Your assignment: Keep the images out and set the listing below down word for word.

Provided data:
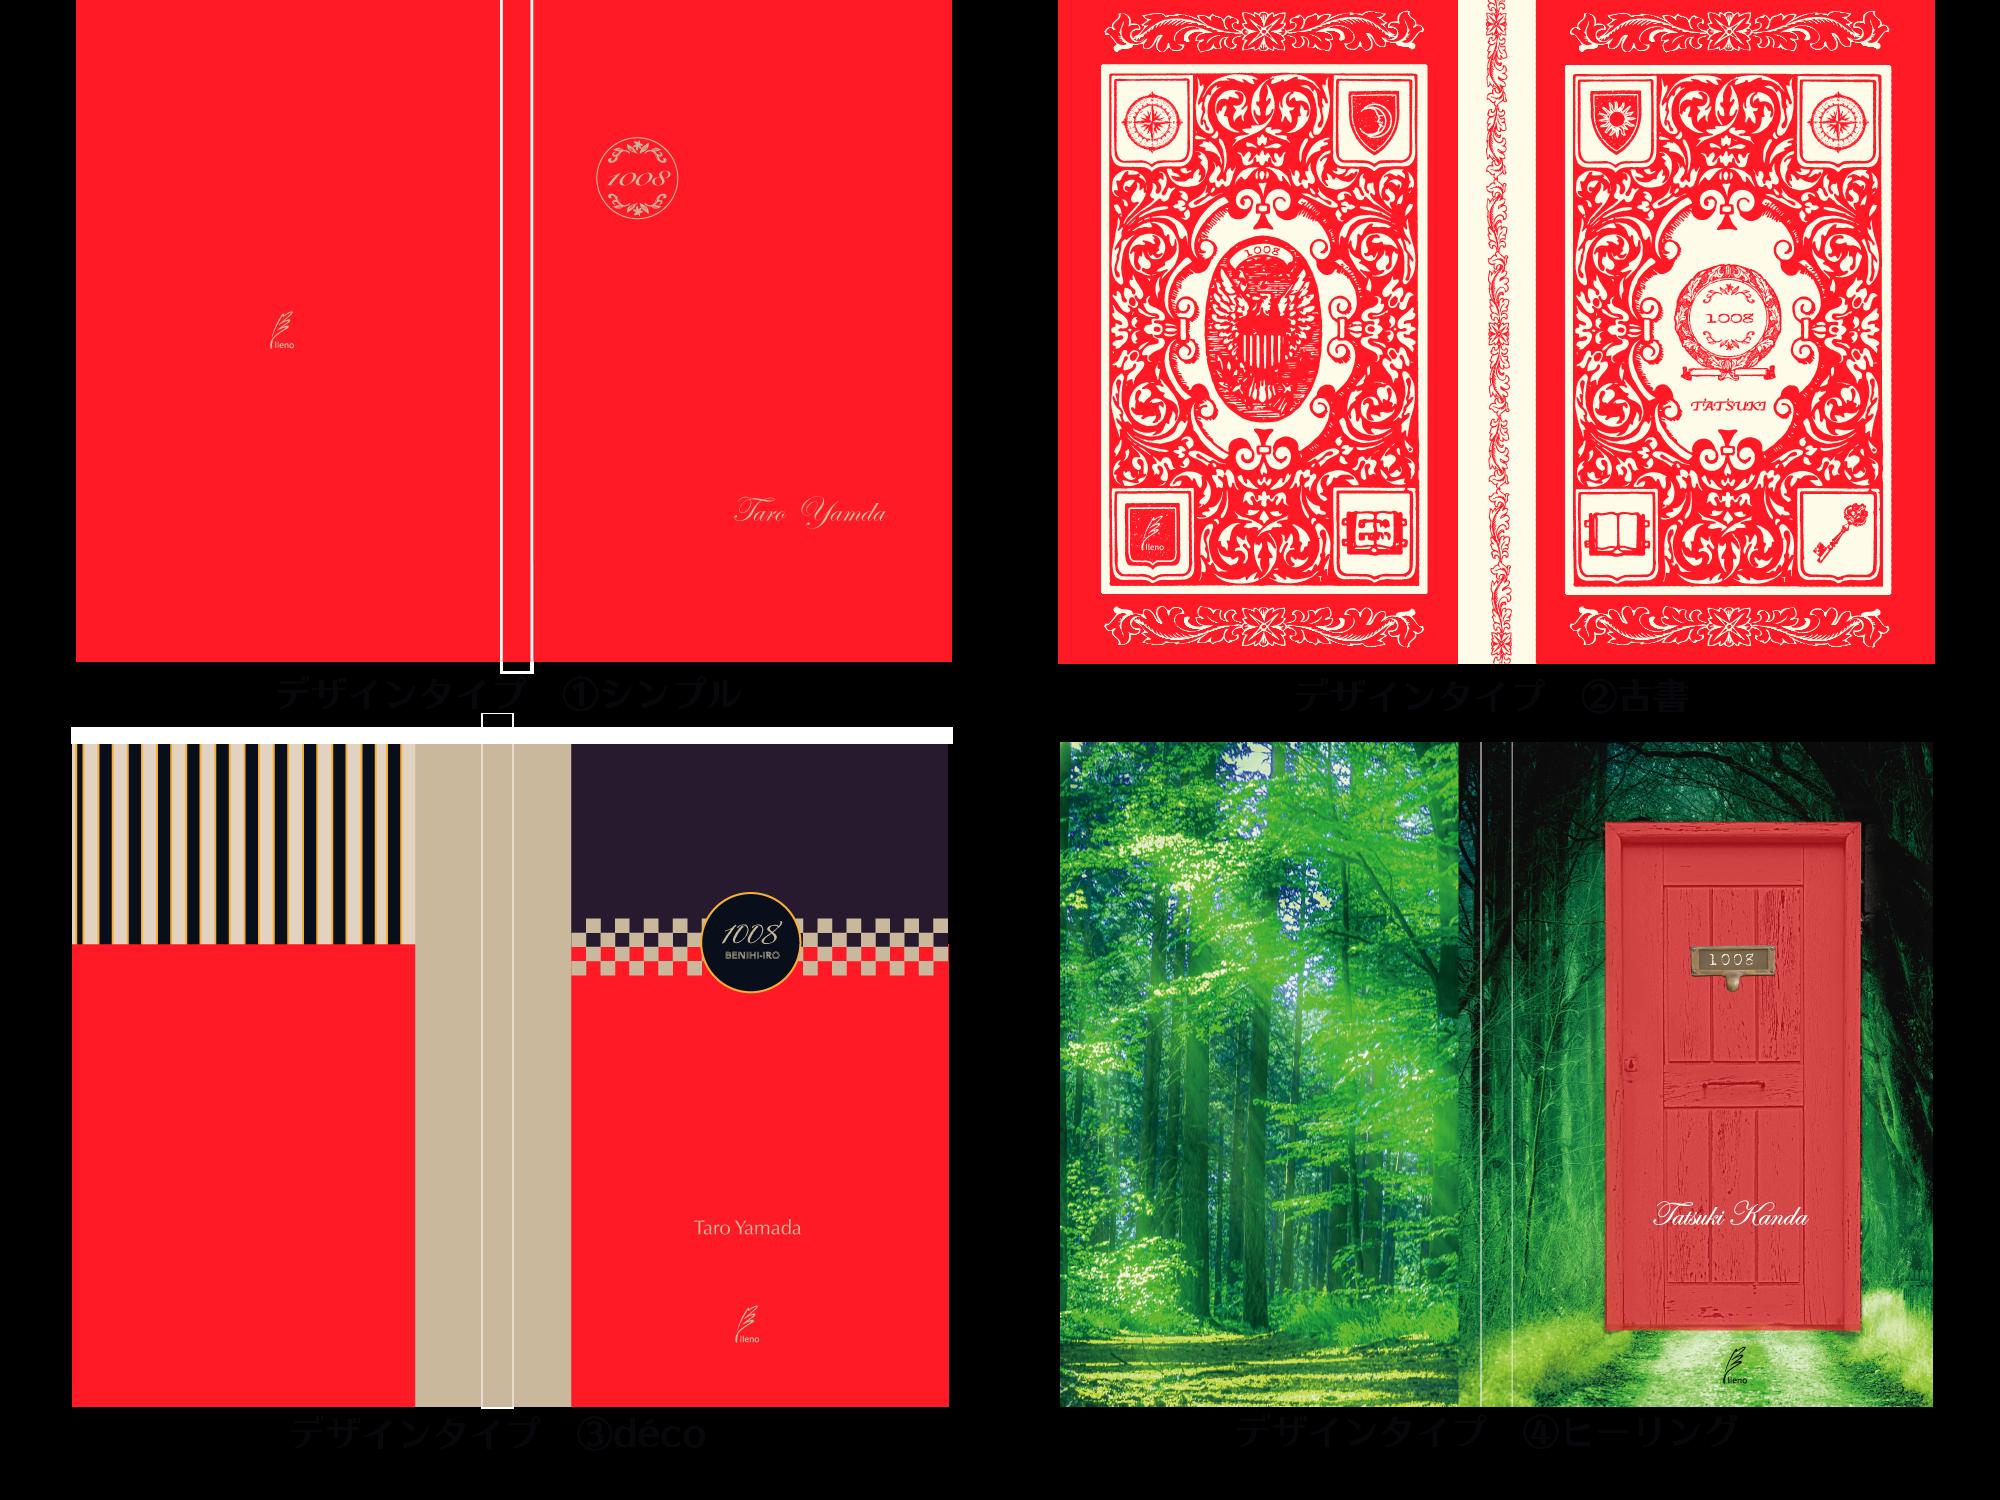 運命のノート『10月8日 紅緋色』(鑑定&メッセージカード付)
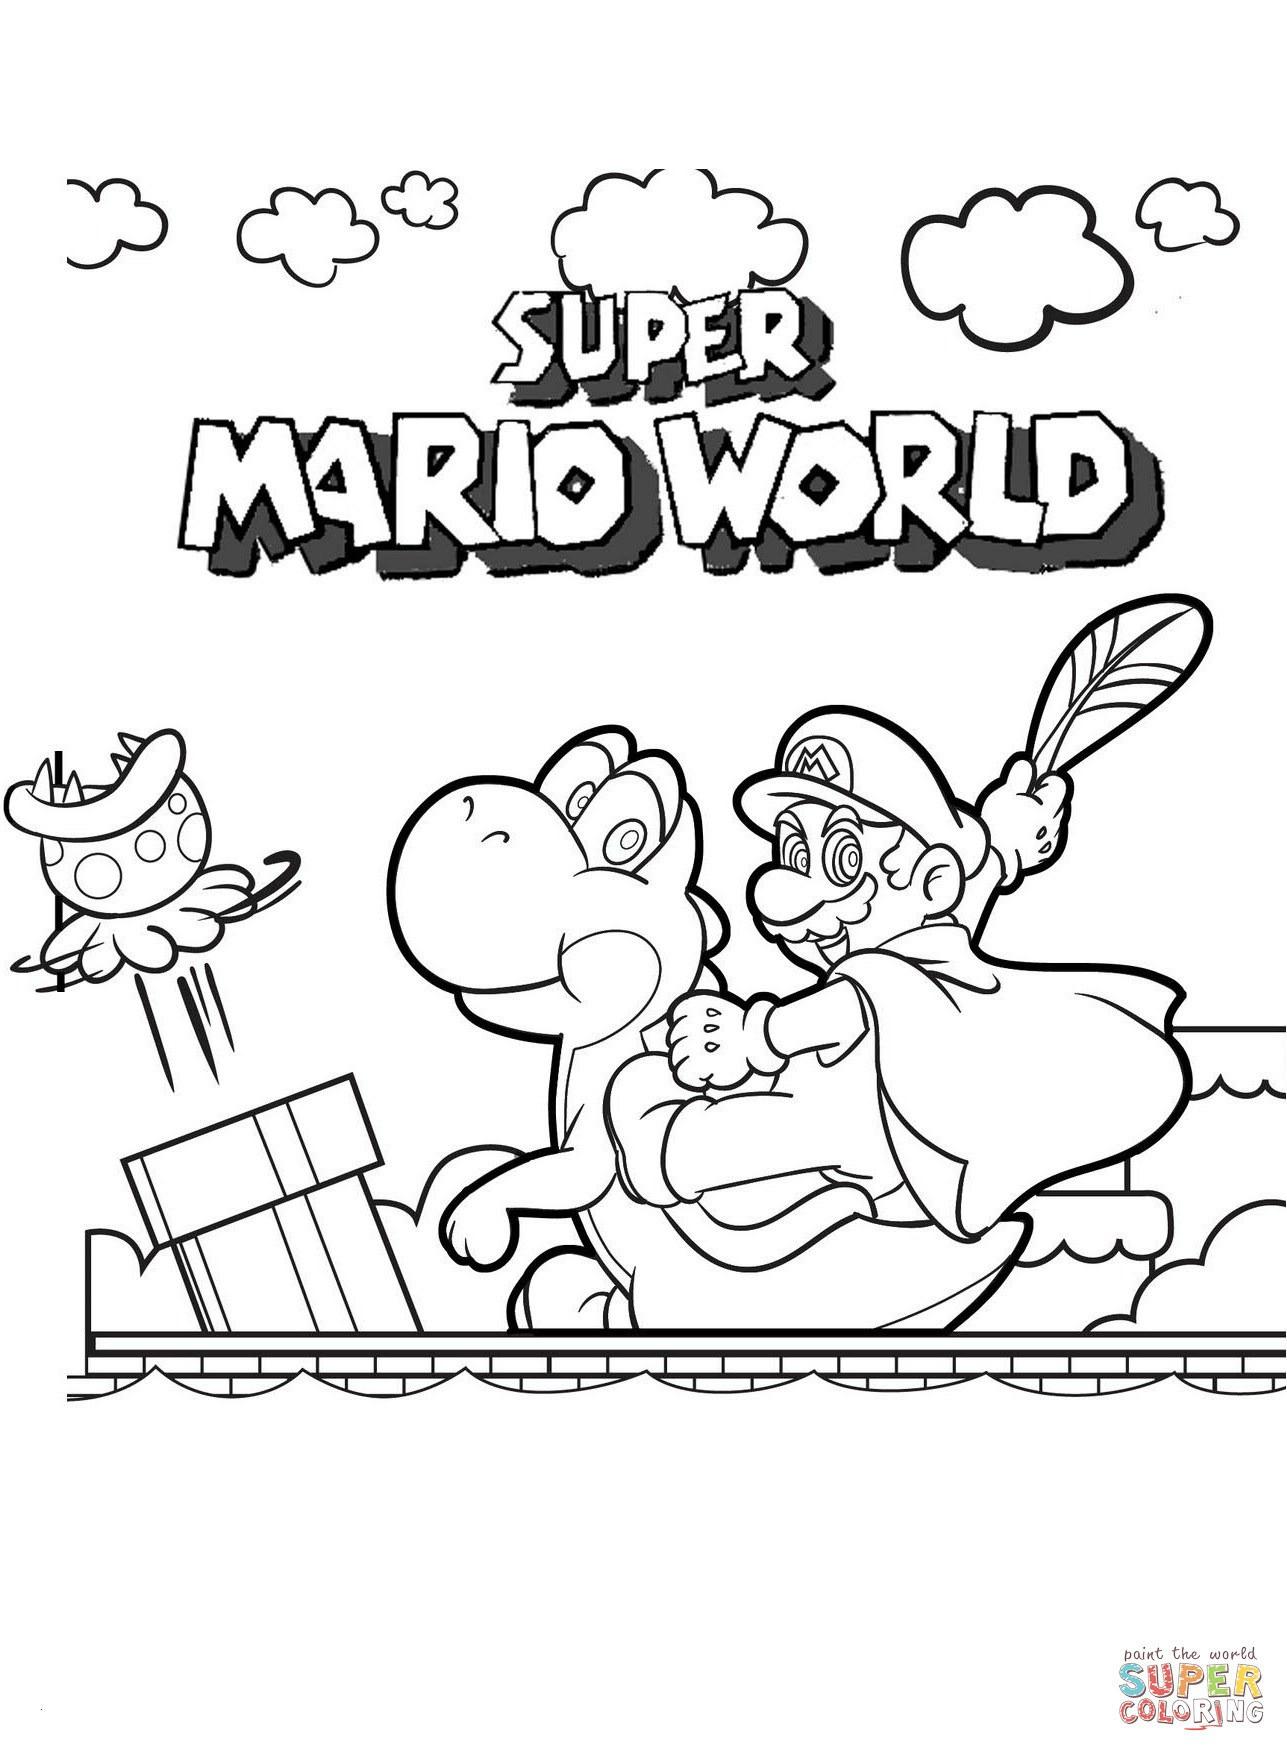 Mario Kart Ausmalbilder Inspirierend 37 Super Mario Kart Ausmalbilder Scoredatscore Inspirierend Super Galerie
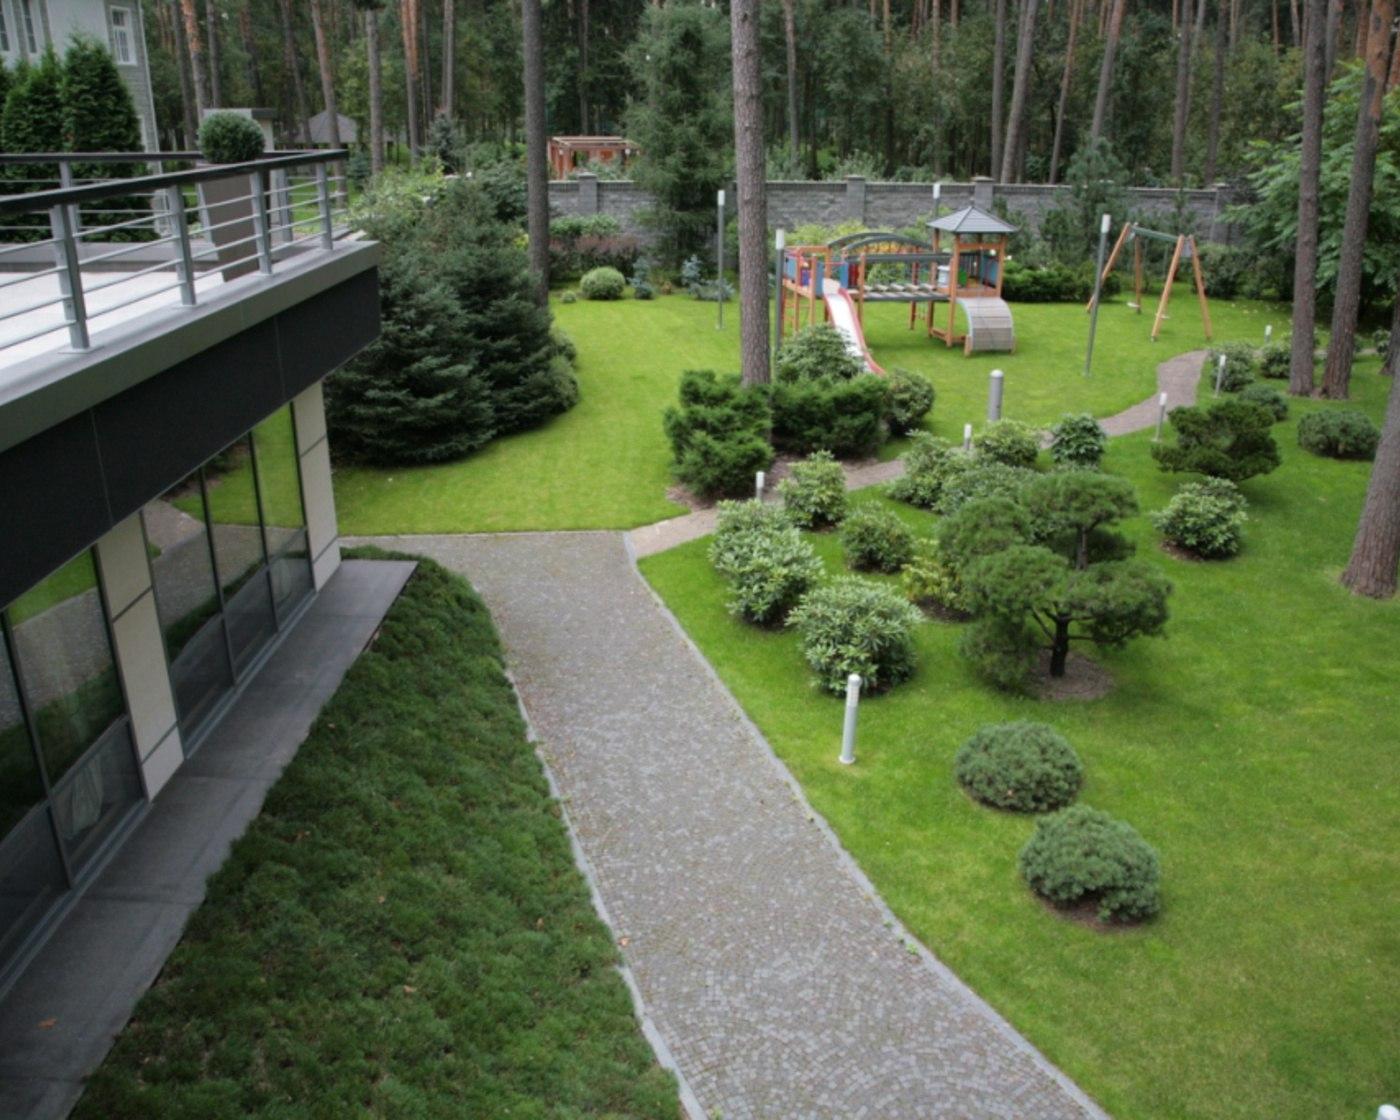 Дом площадью 1200 кв.м в Валтиме
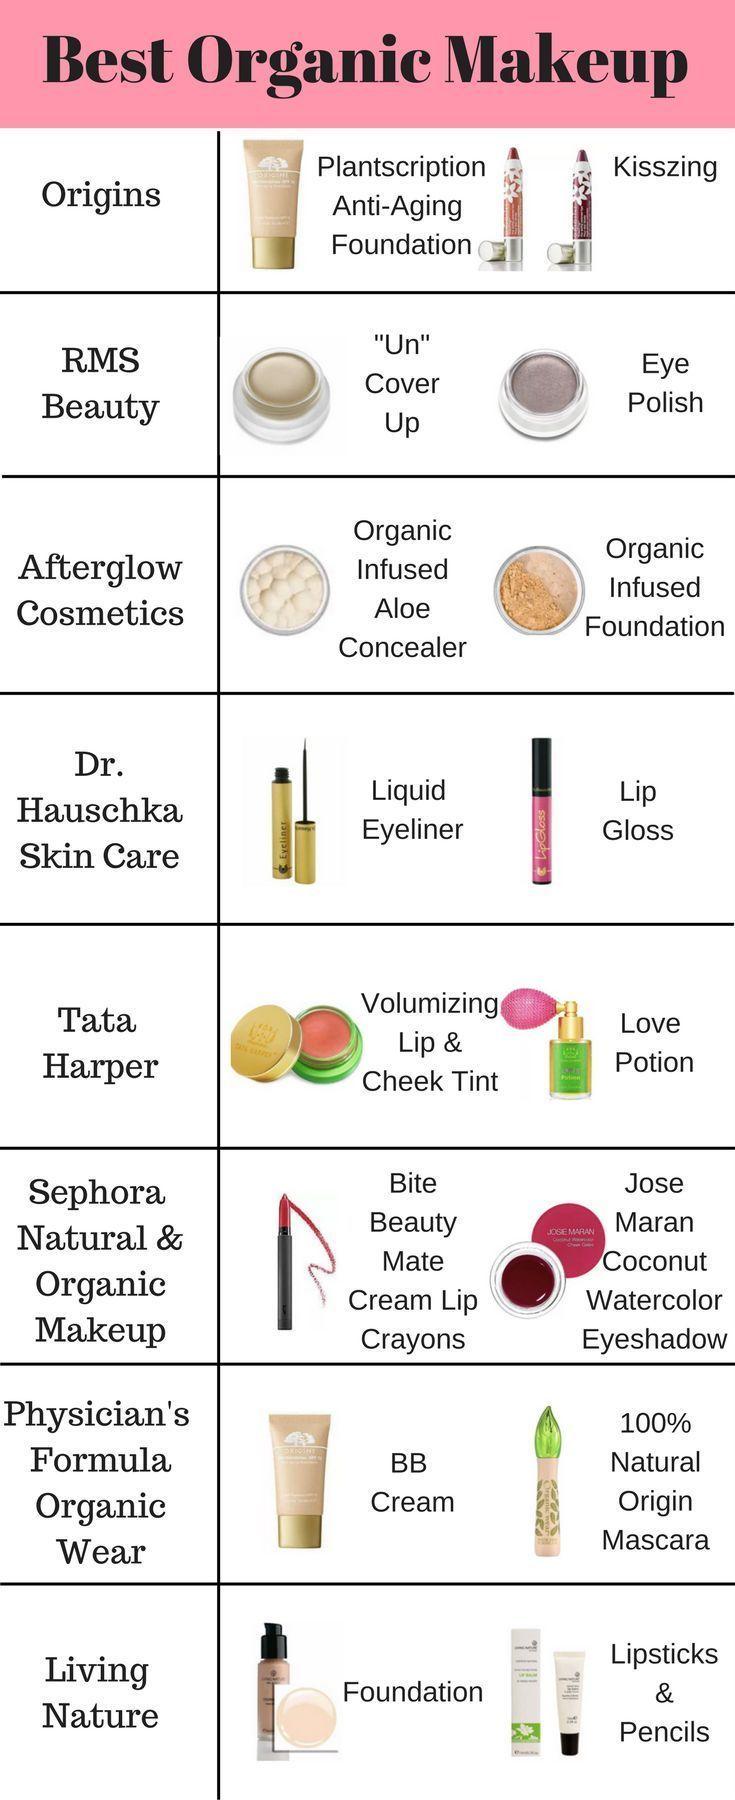 Beste Bio-Make-up-Marken 2018  Beste Bio-Make-up-Liste  #beste #BioMakeupMarken … – makeup products

Your solution:
 運命のノート『10月8日 紅緋色』(鑑定&メッセージカード付)
 Mario Kart Ausmalbilder Inspirierend 37 Super Mario Kart Ausmalbilder Scoredatscore Inspirierend Super Galerie
 Дом площадью 1200 кв.м в Валтиме
 Beste Bio-Make-up-Marken 2018  Beste Bio-Make-up-Liste  #beste #BioMakeupMarken … – makeup products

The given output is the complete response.